En el árido desierto de Gibson, Australia, hasta la década de 1980, vivió una familia completamente apartada de la modernidad.
Conocidos como Los Nueve Pintupi, sobrevivían en un paisaje de arena, calor y silencio. Su vida era nómada: cazaban lagartos goanna y conejos salvajes, recolectaban raíces y frutos, y se desplazaban entre abrevaderos siguiendo las señales de la naturaleza. Nunca habían visto una carretera, una nevera o una bombilla.
Su historia cambió en 1984, cuando fueron avistados cerca del asentamiento aborigen de Kiwirrkurra. Los medios los bautizaron como “la tribu perdida”, aunque en realidad no habían estado perdidos: habían sido separados de sus parientes décadas antes, víctimas de las políticas de reasentamiento forzoso del gobierno australiano.

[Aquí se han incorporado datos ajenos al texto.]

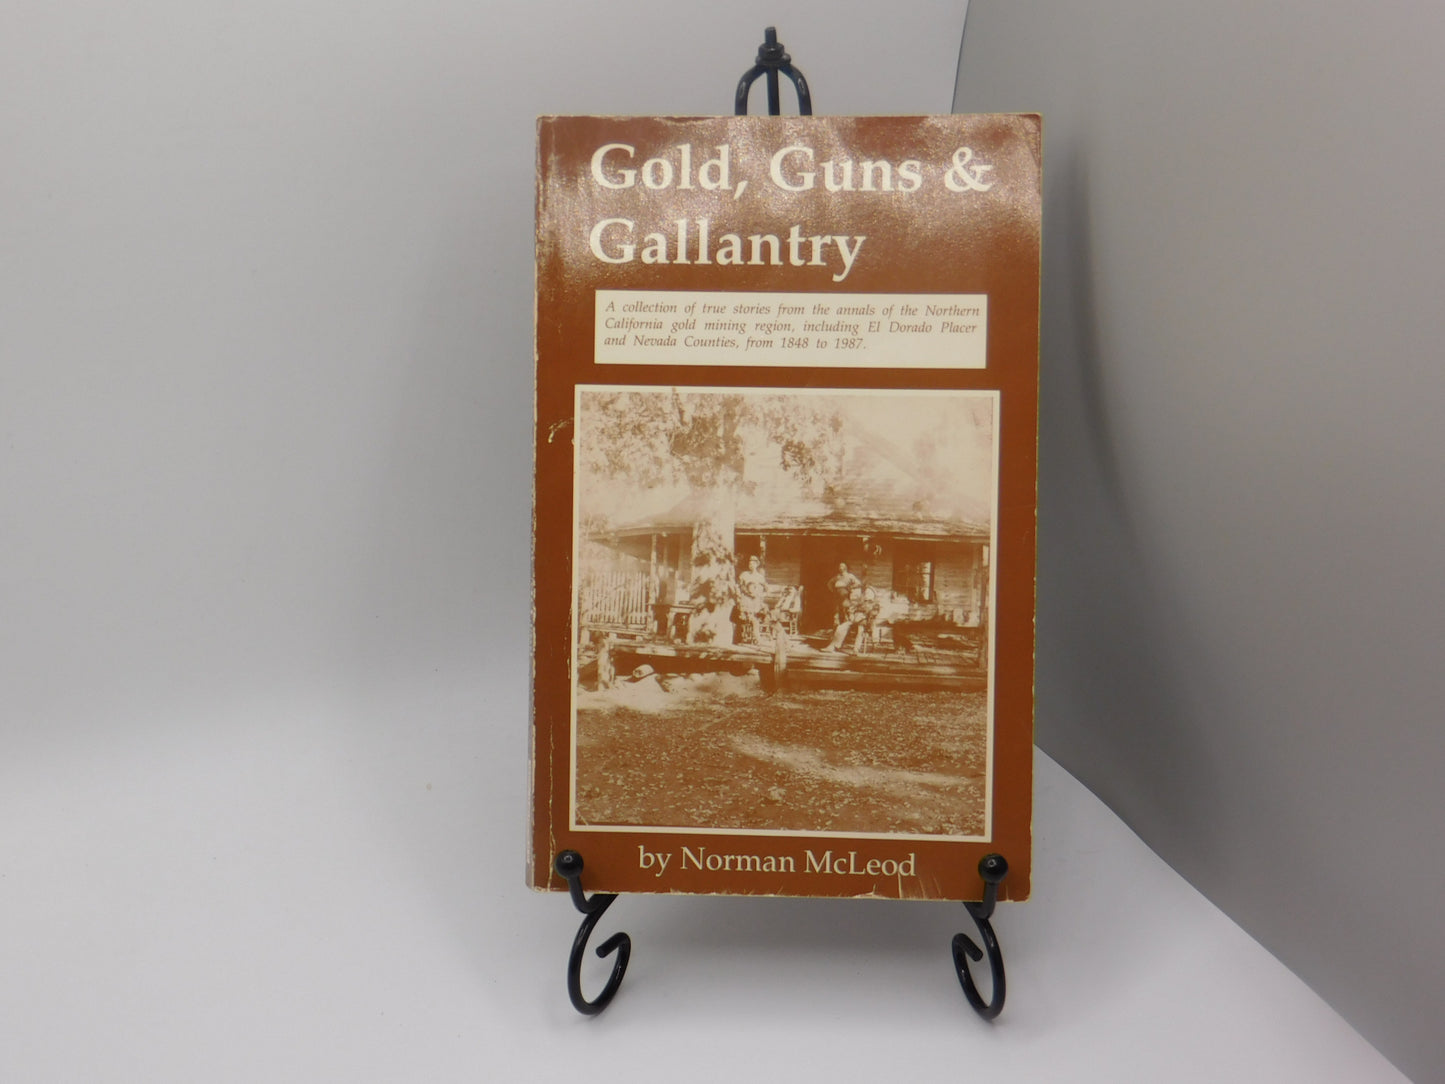 (Signed) Gold, Gun & Gallantry by Norman McLeod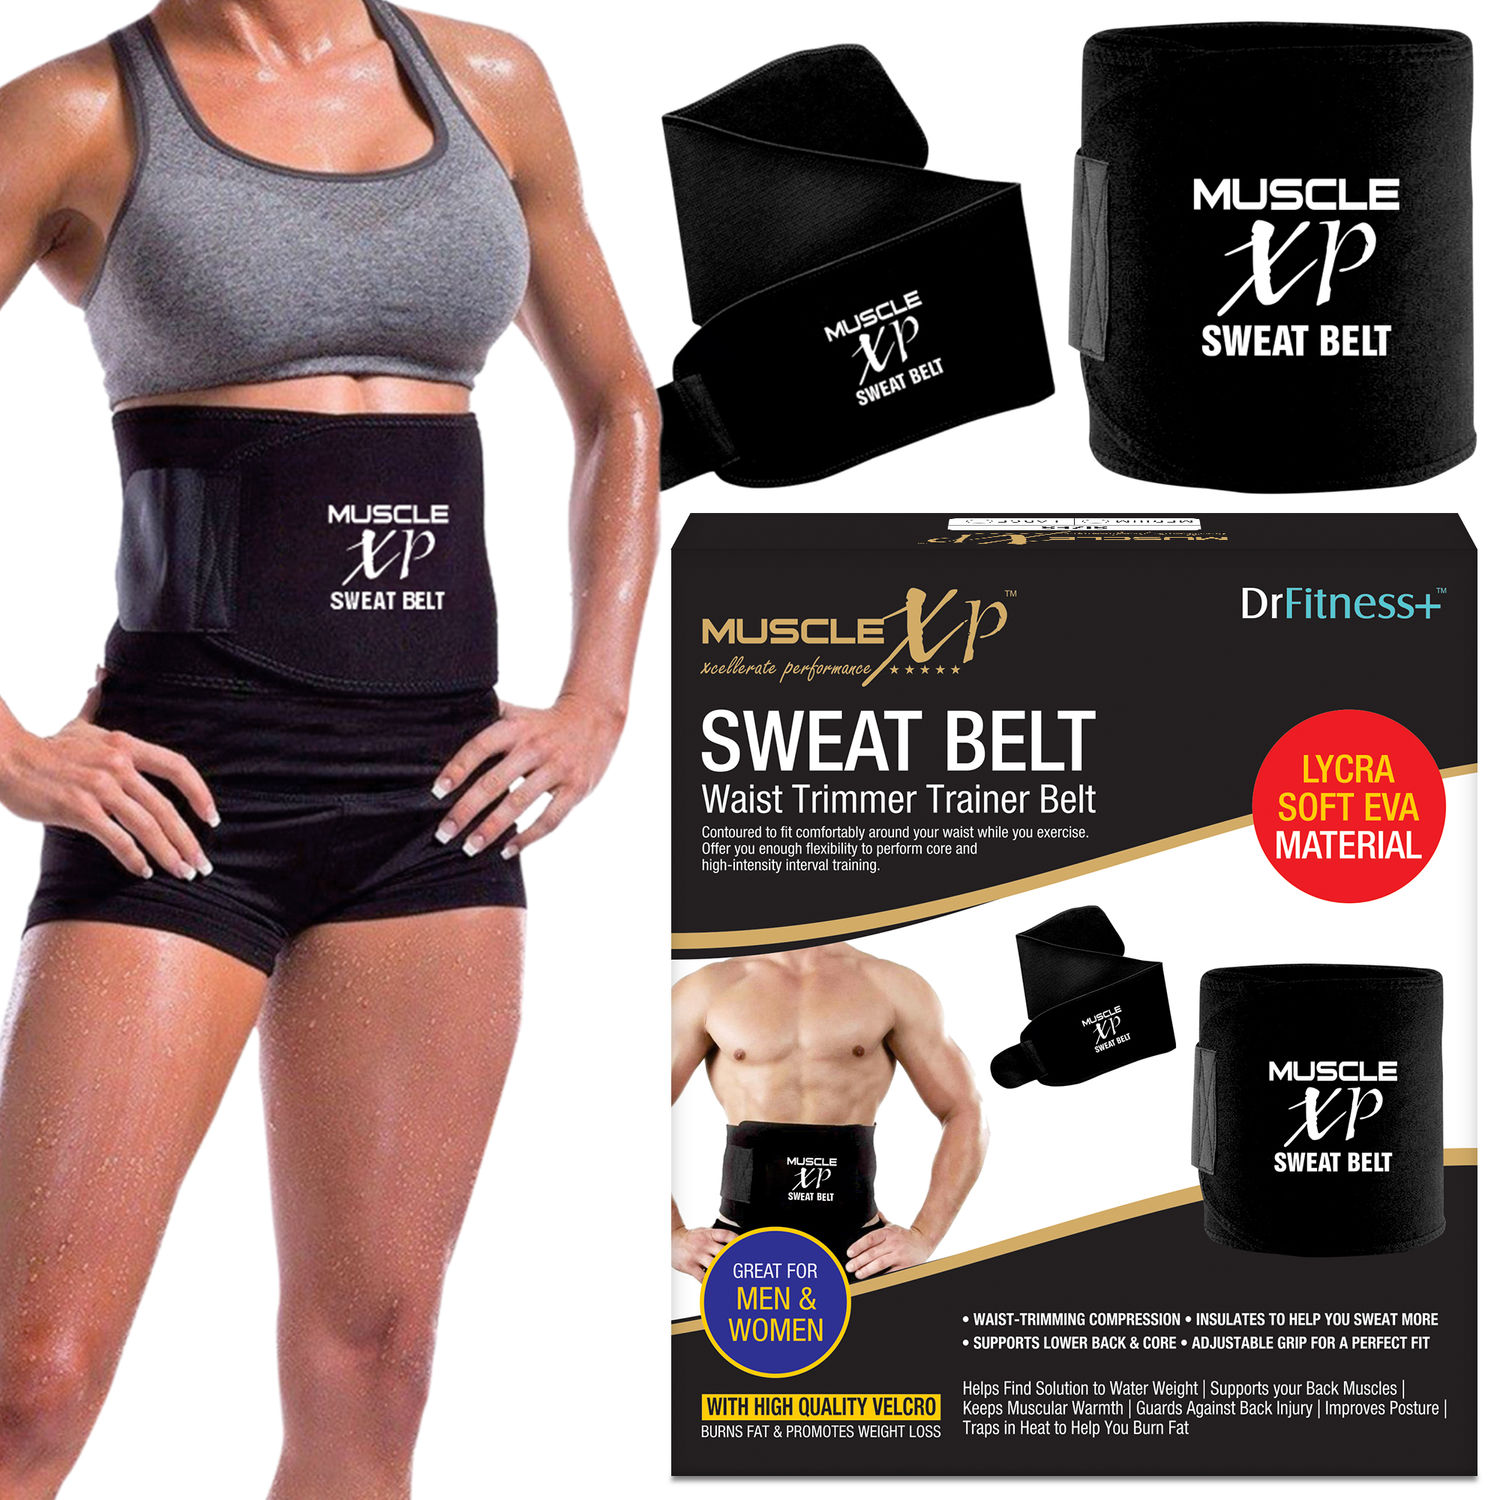 https://media6.ppl-media.com//tr:h-750,w-750,c-at_max,dpr-2/static/img/product/287628/musclexp-drfitness-sweat-belt-for-men-and-women-fat-burning-healthy-sweat-weight-loss-non-tearable-tummy-trimming-46-black_1_display_1677043529_d0b6d4ef.jpg

El encuentro con el mundo moderno fue un choque brutal. El agua corriente, los alimentos envasados y las viviendas parecían extraños e innecesarios. Sin embargo, algunos de ellos transformaron esa experiencia en arte. Los hermanos Warlimpirrnga, Walala y Thomas Tjapaltjarri se convirtieron en pintores reconocidos a nivel mundial, al igual que sus hermanas Yalti, Yikultji y Takariya, quienes encontraron en los lienzos un medio para preservar y transmitir su cosmovisión.
La historia de los Nueve Pintupi no es la de una desaparición, sino la de una resistencia cultural. De ser nómadas invisibles pasaron a convertirse en protagonistas del arte contemporáneo, recordándole al mundo que la identidad no se pierde: se adapta, se transforma y sobrevive al paso del tiempo.